Le changement climatique s'accélère au-delà de ce qui était attendu. Les scientifiques rappellent l'urgence de réduire les émissions de gaz à effet de serre. Elles doivent cesser totalement d'ici 2100, il reste à peine quelques années pour réagir sous peine de créer des dégâts irréversibles pour toutes les civilisations. Voici le communiqué de presse des auteurs de "Copenhagen Diagnosis", un rapport prenant en compte les découvertes publiées depuis le dernier rapport du GIEC de 2007
La montée du niveau des mers au cours des 15 dernières années a dépassé de 80% les prévisions. Et maintenant, une hausse de 2 mètres d'ici 2100 est de l'ordre du possible. Cela veut dire que la nouvelle route du littoral devra être construite plus haut que ce qui était prévu au moment de la signature de son protocole de financement. (photo CF)
L'ensemble des glaces polaires et des glaciers du monde fondent à vitesse croissante. En Arctique, la disparition de la banquise s'accélère, et le niveau des mers monte plus rapidement que prévu. Ces conclusions proviennent d'une nouvelle synthèse scientifique rédigée par des climatologues mondialement reconnus.
Dans un rapport spécial, intitulé “The Copenhagen Diagnosis”, 26 chercheurs, dont beaucoup ont participé à la rédaction des rapports du GIEC, concluent que les prévisions passées étaient en deçà de ce que nous observons aujourd'hui. De nombreuses manifestations du changement climatique se produisent en effet actuellement soit à la vitesse maximale prévue il y a seulement quelques années, soit à un rythme supérieur.
Ce rapport indique clairement que, sans un effort significatif de modération des émissions de gaz à effet de serre, le réchauffement global pourrait atteindre les 7°C d'ici la fin du 21ème siècle.
“The Copenhagen Diagnosis”, qui a été rédigé au cours de cette dernière année, documente les découvertes récentes clés dans le domaine du changement climatique depuis la publication du 4ème rapport du GIEC en 2007.
Parmi les nouvelles découvertes publiées depuis 2007 :
Les mesures satellitaires et in situ mettent en évidence que les calottes glaciaires du Groenland et de l'Antarctique perdent toutes deux de plus en plus de masse, contribuant à une accélération de la montée du niveau des mers.
En Arctique, la banquise a reculé au-delà de ce qui avait été prévu par les modèles climatiques. Par exemple, l'étendue de glace de mer ayant fondu au cours des étés 2007 à 2009 était de 40% supérieure à la projection moyenne prévue par les modèles dans le dernier rapport du GIEC.
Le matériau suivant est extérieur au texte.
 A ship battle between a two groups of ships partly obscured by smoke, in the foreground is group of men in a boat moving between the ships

Le niveau de la mer a monté de plus de 5 centimètres au cours des 15 dernières années. C'est une élévation de 80% supérieure à celle des projections de l'avant dernier rapport du GIEC en 2001. Si l'on tient compte des calottes glaciaires et des glaciers, la montée du niveau des mers pourrait excéder 1 mètre en 2100, voire 2 mètres. C'est bien plus que ce qui avait été prévu. Au-delà de 2100, le niveau de la mer pourrait s'élever de plusieurs mètres pendant quelques siècles.
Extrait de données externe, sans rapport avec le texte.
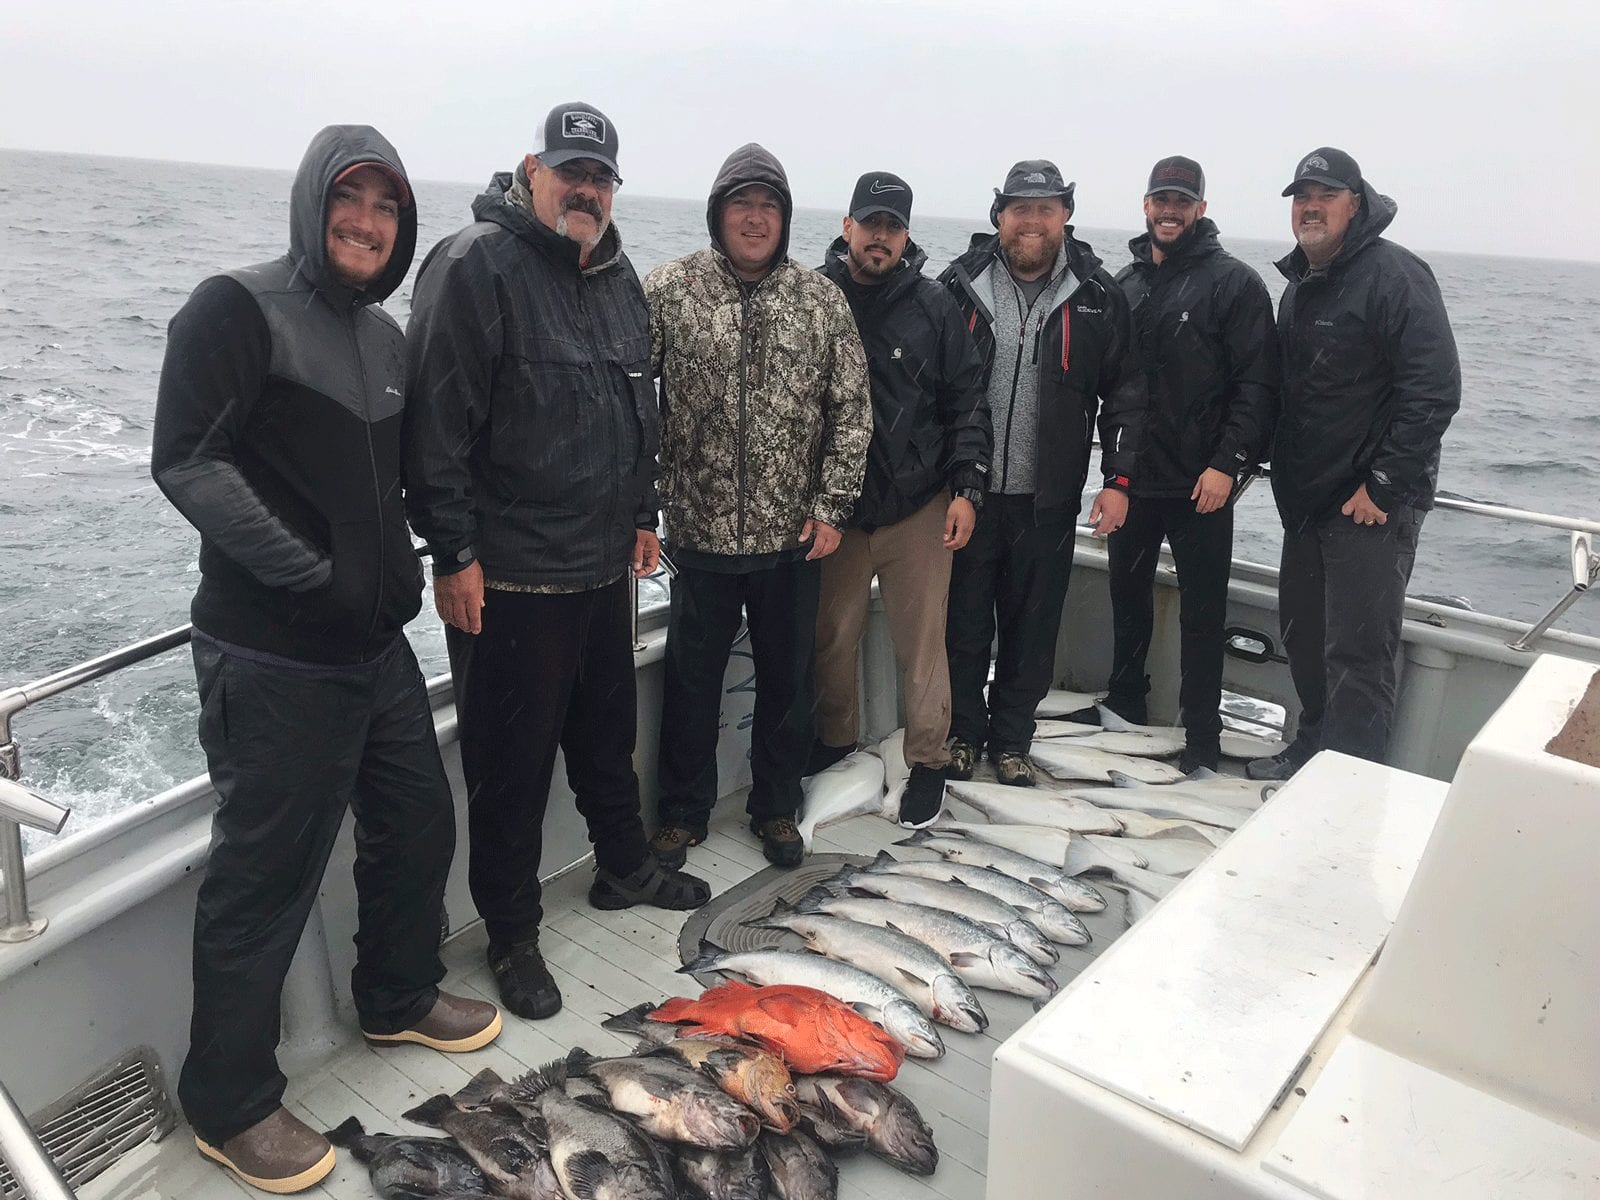 Six men on Alaskan fishing boat with their catches

En 2008, les émissions de dioxyde de carbone par les combustions fossiles ont été d'environ 40% supérieures à celles de 1990. Si les émissions n'augmentent pas au-delà des taux actuels, le monde aura quand même émis, d'ici 20 ans, la quantité globale de gaz à effet de serre qu'il faudrait ne pas dépasser pour limiter le réchauffement global à 2 degrés Celsius.
Ce rapport conclut que les émissions globales doivent diminuer rapidement au cours des cinq à dix prochaines années si nous souhaitons que le monde ait une chance raisonnable d'éviter les impacts les plus dramatiques du changement climatique.
Pour stabiliser le climat, ce rapport préconise que les émissions de dioxyde de carbone et autres gaz à effet de serre à longue durée de vie doivent atteindre un seuil quasiment nul d'ici la fin de ce siècle.